Denise continued to look concerned. There was something more that was bothering her. Eventually she found the words. "It seems as though everywhere I look there are people like Patsy, people you can’t trust."
How many times have I heard similar cries from others as well as from myself! I gave Denise the answer I give myself on those occasions. "We all have the tendency to take for granted, to accept as our due the good things in life – like supportive parents, teachers and sometimes friends. But when someone fails to live up to our expectations, when things go wrong, when we get hurt, we tend to get overwhelmed by the pain and forget the important goodies that have been and are ours." Denise looked thoughtful. She nodded, then asked"Why?"

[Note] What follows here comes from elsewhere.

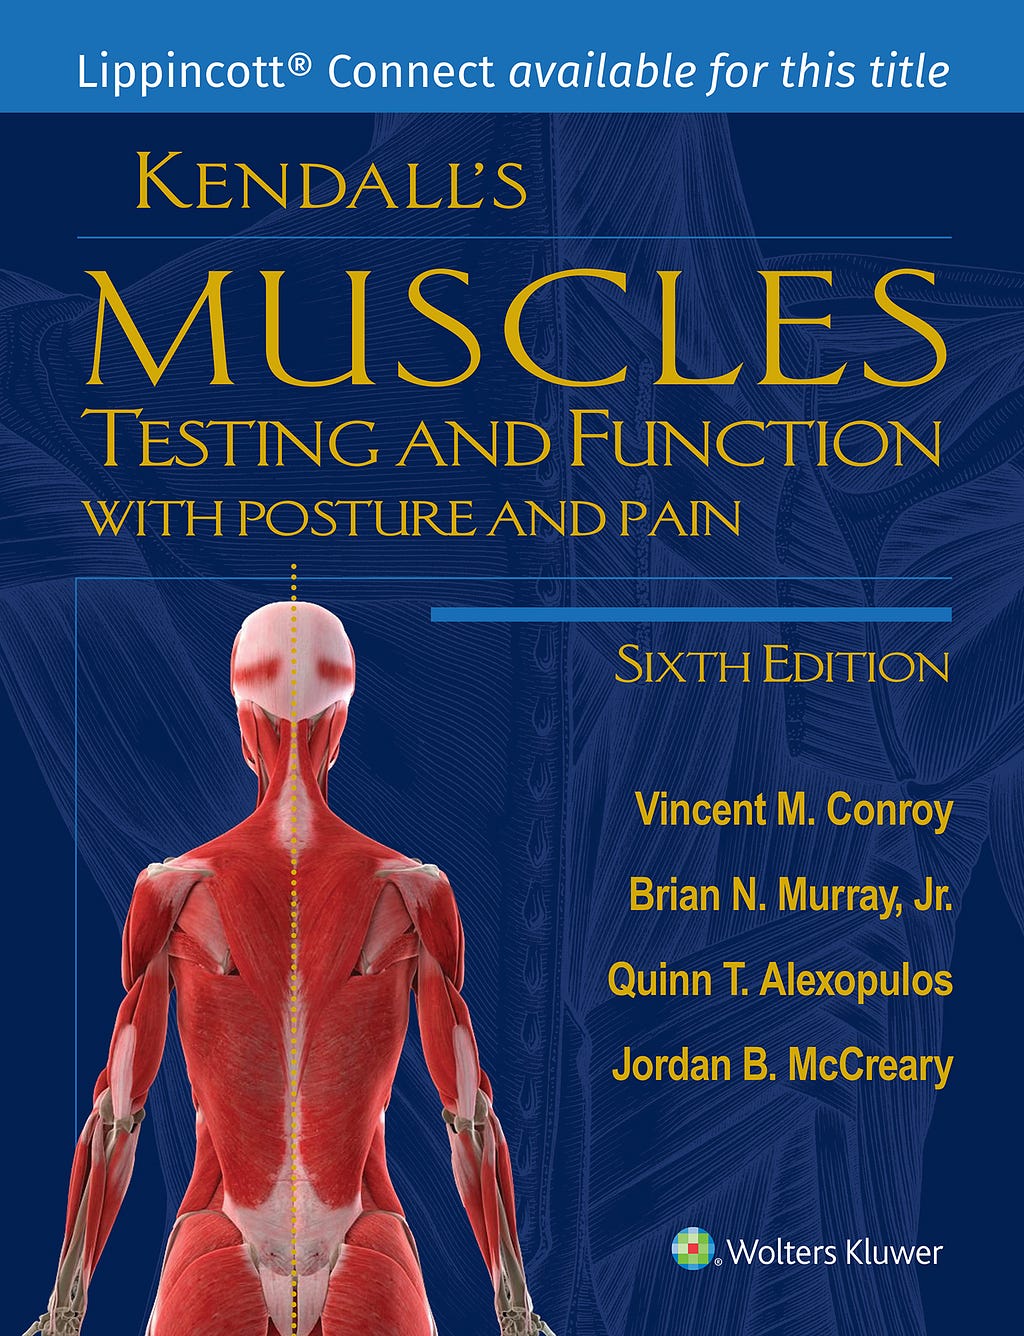 Kendall's Muscles: Testing and Function with Posture and Pain PDF

"I think it’s something out of our human past. Getting hurt in that past usually meant physical harm, which could be life threatening. So the brain, the heart, the hormones, sent us danger signals. These signals told humans in the past and continue to tell us in the present that we must avoid such dangers. We still respond as though we humans were living in the jungle. That also applies to betrayal, which is how you perceived what Patsy did. For betrayal in our past and sometimes even in the present can be physically dangerous. However, Patsy’s betrayal, although painful, wasn’t really dangerous – even though it felt like it."
Denise laughed as she said, "Maybe that explains why I felt like I’d been mauled by a tiger." As I looked at Denise’s face, which despite her laughter still expressed concern I brought up "The other biggie. It’s that you want to continue to be the generous person who rushed to rescue the rejected Patsy. You wanted fairness for Patsy because you believed that’s how the world should be. And maybe in the long run Patsy will be able to reciprocate a friendship. You may have started her on that journey. One thing I’ve always thought unfair is that we frequently don’t get rewarded for our generosity, decency, and yes charity. We have to do these for their own sake. They are not the basis for a friendship – as I found out again just a few months ago. Being rewarded with gratitude is not the reason for being a giving person. The reason for giving has to be that that’s how we want the world to be."
Denise wrinkled her nose. "I don’t think I like ungrateful people. No, I definitely don’t like people who can’t be grateful."
"Neither do I." And we both laughed.
"Are you going to tell Mom what I told you?"
"Not unless you want me to. I think it should come from you - when you’re ready."
‘Thanks." And with that we headed back. As we approached the house I could see the relieved look on Denise’s mother’s face. She had seen us laugh. So she knew that things couldn’t have been as bad as she had feared. I made a sideways gesture to her not to ask. Being the sensitive person she is she immediately understood and waited until later to phone and tell me that her daughter had again become her talkative self. However, Denise still hadn’t told her mother about Patsy. "She’ll tell you before long. You’ll probably be relieved, feeling that it wasn’t such a big deal. Just don’t say, 'Is that all!’"
Shortly thereafter Denise’s mother called again."She told me. I was so angry at what Patsy had done that I really raved and ranted against that little _____. Denise and I had a long, long talk after that. At the end she gave me a big warm hug and said something so sweet and odd it made me cry. It was:
"Oh Mom, you’re all loyalty and commitment."